Die Schnittstellen: Es ist eine dieser Geschichten, die der Fußball gerne schreibt. Hertha-Neuzugang Sami Khedira, der gegen den FC Bayern sein Debüt im blau-weißen Trikot feierte, steht vor seinem 100. Bundesliga-Spiel. Dieses könnte der Weltmeister von 2014 ausgerechnet gegen seinen ersten Proficlub in der alten Heimat bestreiten, wo seine Weltkarriere ihren Lauf nahm. "Der VfB kann stolz darauf sein, so einen Spieler entwickelt und mit ihm die Meisterschaft geholt zu haben. Er hat in seiner Karriere sämtliche Titel geholt und Erfolge gefeiert. Es freut mich, am Samstag auf ihn zu treffen", zollte Stuttgarts Coach Matarazzo dem 33-Jährigen im Vorfeld Respekt. Für Santiago Ascacíbar stellt die Begegnung am Samstag ebenfalls die Rückkehr an seine alte Wirkungsstätte dar. Im Januar 2020 wechselte der Argentinier aus der Schwabenmetropole nach Spreeathen und kämpfte sich unter Pál Dárdai zuletzt in die Startformation. Nun möchte der Mittelfeldspieler mit seinen Teamkollegen in der alten sportlichen Heimat einen erfolgreichen Auftritt hinlegen. "Natürlich freue ich mich, dass ich der Mannschaft wieder auf dem Platz helfen kann. Die Zeit davor war nicht einfach, ich war immer wieder verletzt. Aber am wichtigsten ist jetzt, dass wir punkten", sagt der 23-Jährige, der sich auf das Kräftemessen freut. "Das Spiel in Stuttgart ist ein besonderes für mich, ich kenne dort noch viele Leute. Dennoch wollen wir am Ende gewinnen - nur darum geht es", betont Ascacíbar. Auch für Marvin Plattenhardt hätte die Aufgabe in Stuttgart eine Reise in die Vergangenheit dargestellt. Der Linksverteidiger wuchs im knapp 17 Kilometer südlich von Stuttgart gelegenen Filderstadt auf, verpasst das Duell aber verletzungsbedingt.

Das Hinrundenduell: Die Dienstreise an den Neckar bietet den Blau-Weißen neben der Möglichkeit auf wichtige Punkte auch die Chance zur Revanche für die 0:2-Niederlage im Hinspiel. Die Süddeutschen gingen im Olympiastadion nach einem Standardtor von Marc Oliver Kempf früh in Führung. Nach dem Seitenwechsel drängte die 'Alte Dame' auf den Ausgleich, eine Einzelaktion von Gonzalo Castro und der daraus resultierende zweite VfB-Treffer sorgten jedoch für die Entscheidung zugunsten der Gäste. "Wir waren im ersten Durchgang insgesamt nicht gut, nach der Pause lief es etwas besser – aber wir haben nicht getroffen. Nach dem zweiten Tor für Stuttgart war es dann schwierig zurückzukommen", resümierte ein enttäuschter Lucas Tousart. Am Samstag will die Dárdai-Elf beim Rückspiel gemeinsam zurückschlagen.

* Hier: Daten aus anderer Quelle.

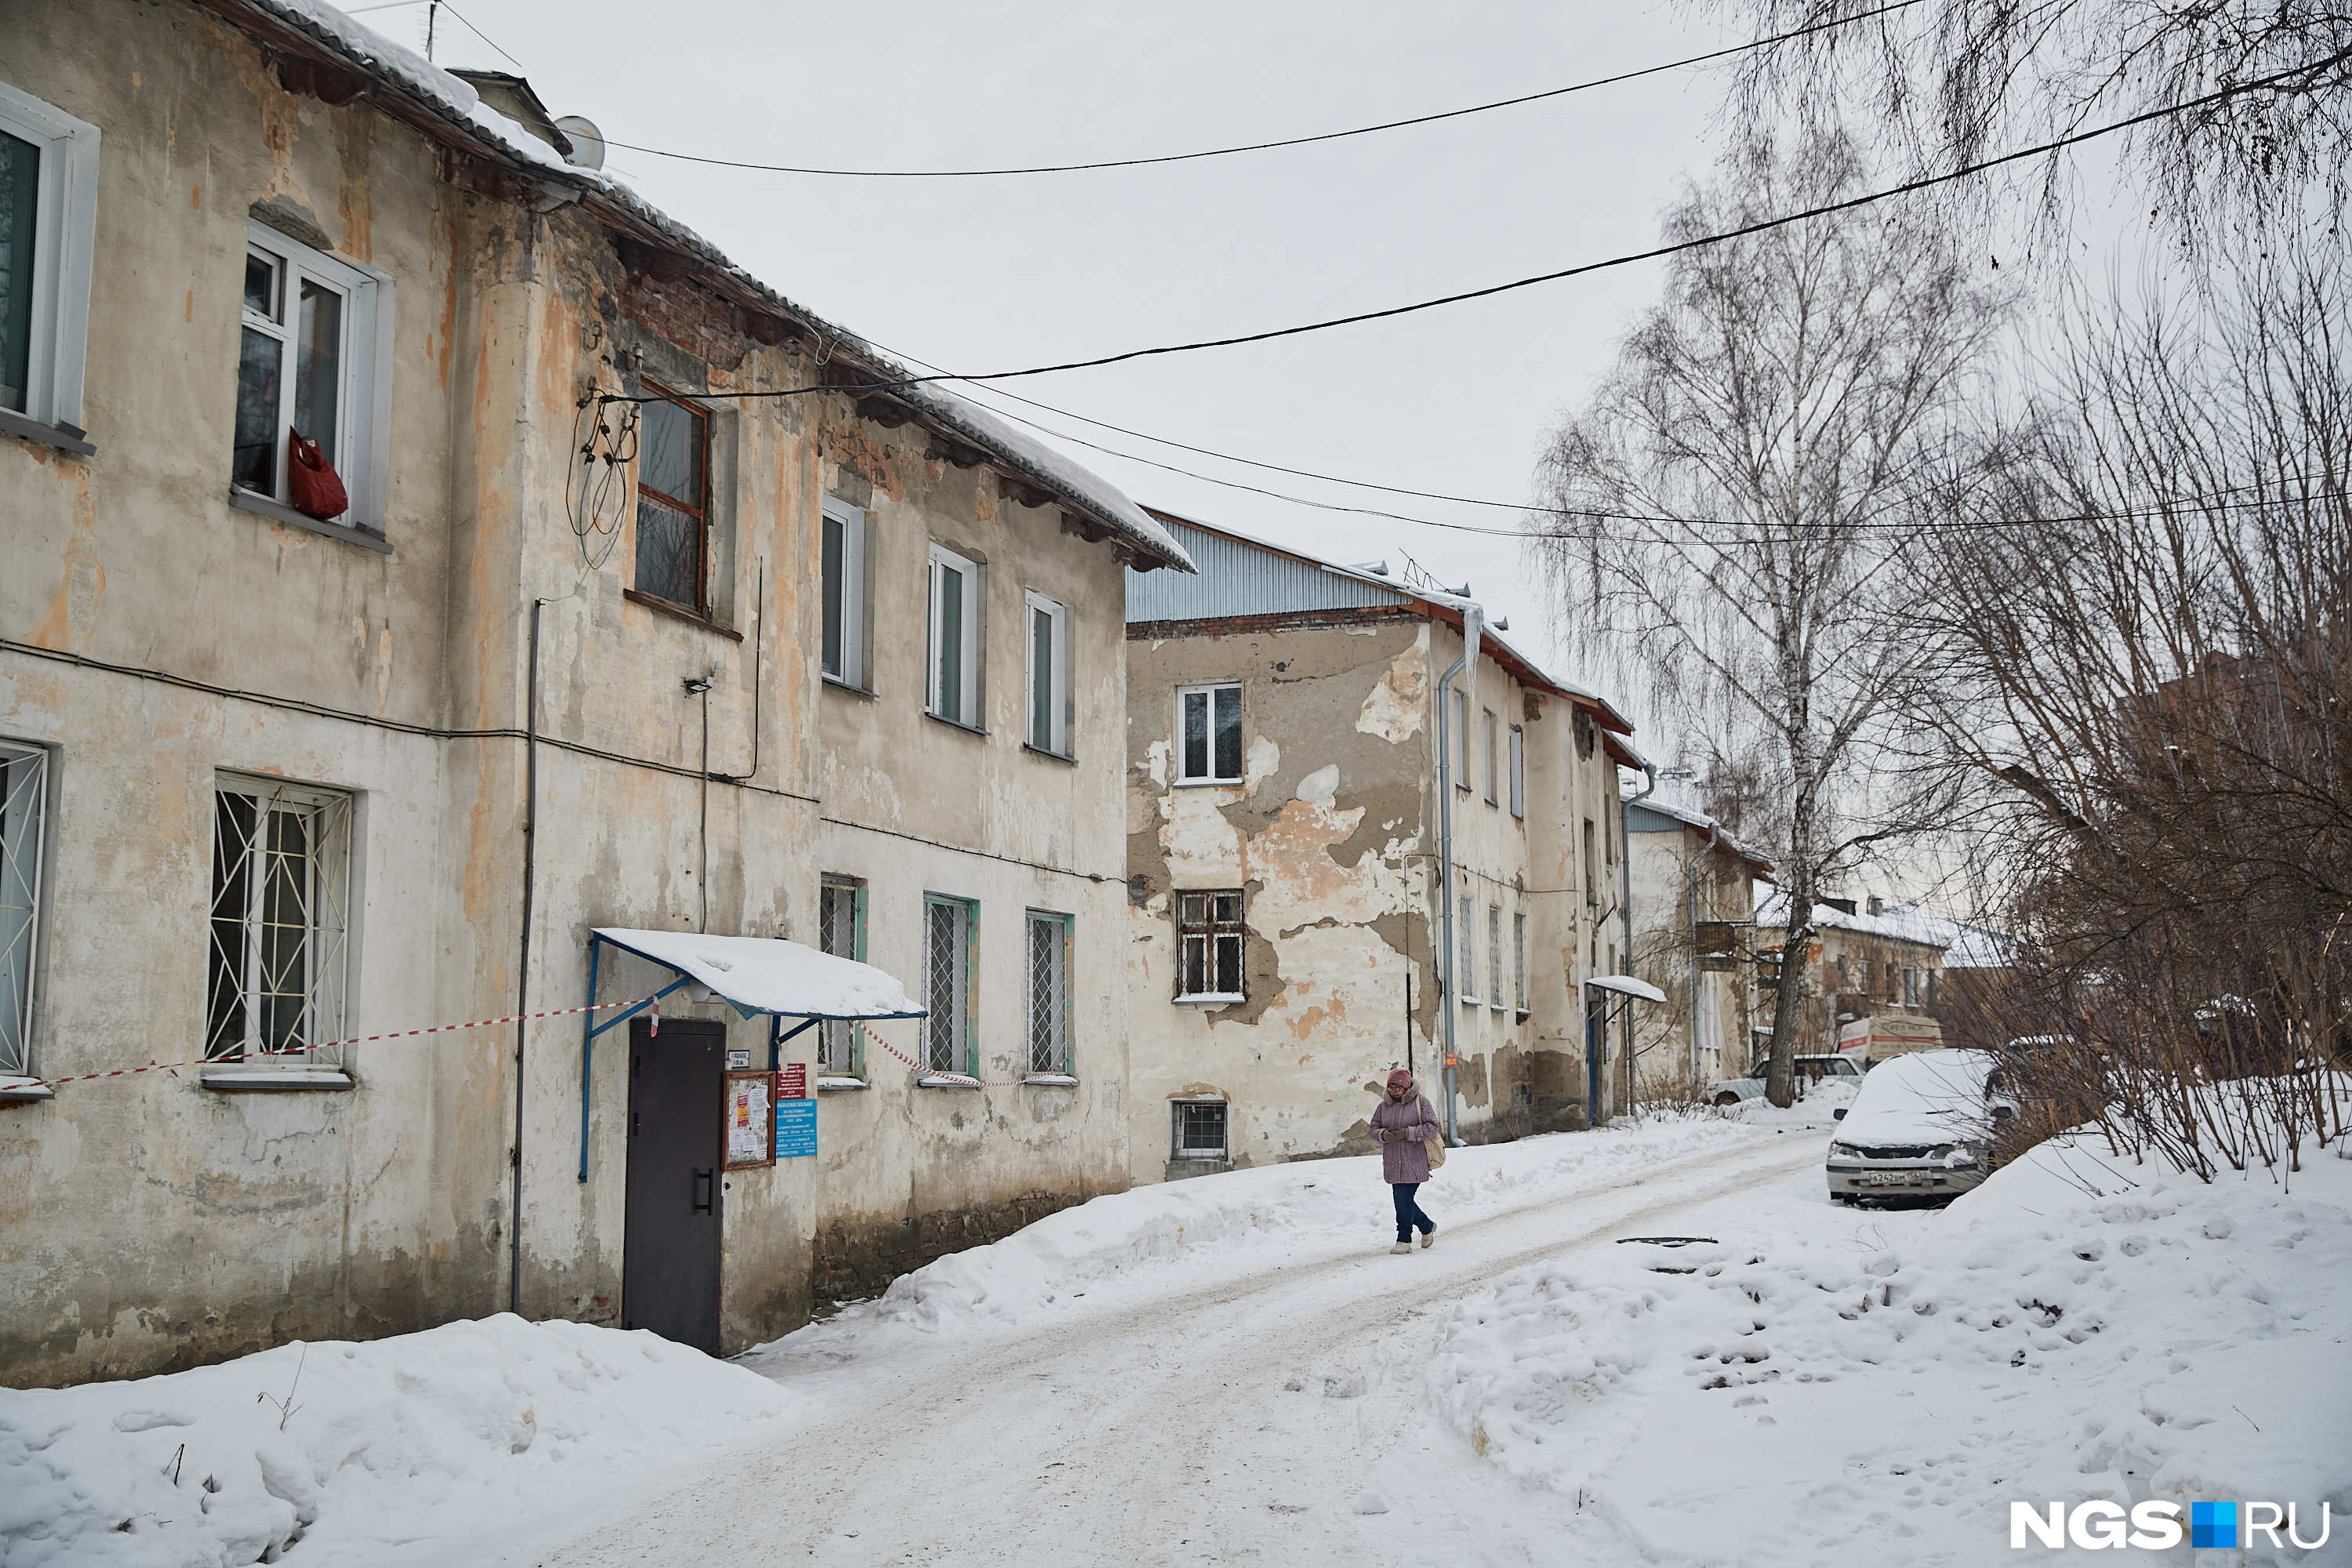 Три дома на улице 2-й Шевцовой были признаны аварийными на основании экспертиз «АлексГрупп». Теперь в корректности этих заключений разбирается следствие

Die Meinung über den Hauptstadtclub: Pellegrino Matarazzo antizipiert gegen die Herthaner eine anspruchsvolle Aufgabe für seine Mannschaft. "Ich erwarte einen leidenschaftlich verteidigenden Gegner, der schnell umschaltet und seine Stärken im Konterspiel hat. Daher wird eine gute Absicherung extrem wichtig sein. Gerade unter Pál Dárdai wird Hertha kämpfen, beißen und sehr geschlossen auftreten. Ihre Qualität ist besser, als ihr aktueller Tabellenplatz aussagt", warnt der Coach vor der Elf von der Spree. Auch in seiner Mannschaft herrscht ein gesunder Respekt vor den Berlinern. "Hertha hat gegen Bayern ein gutes Spiel absolviert und ist eine Mannschaft mit sehr viel individueller Qualität", weiß Erik Thommy. "Wir werden uns gut darauf vorbereiten und mit einem klaren Matchplan auflaufen, um wieder zu punkten", benennt der Offensivspieler das klare Ziel der Hausherren.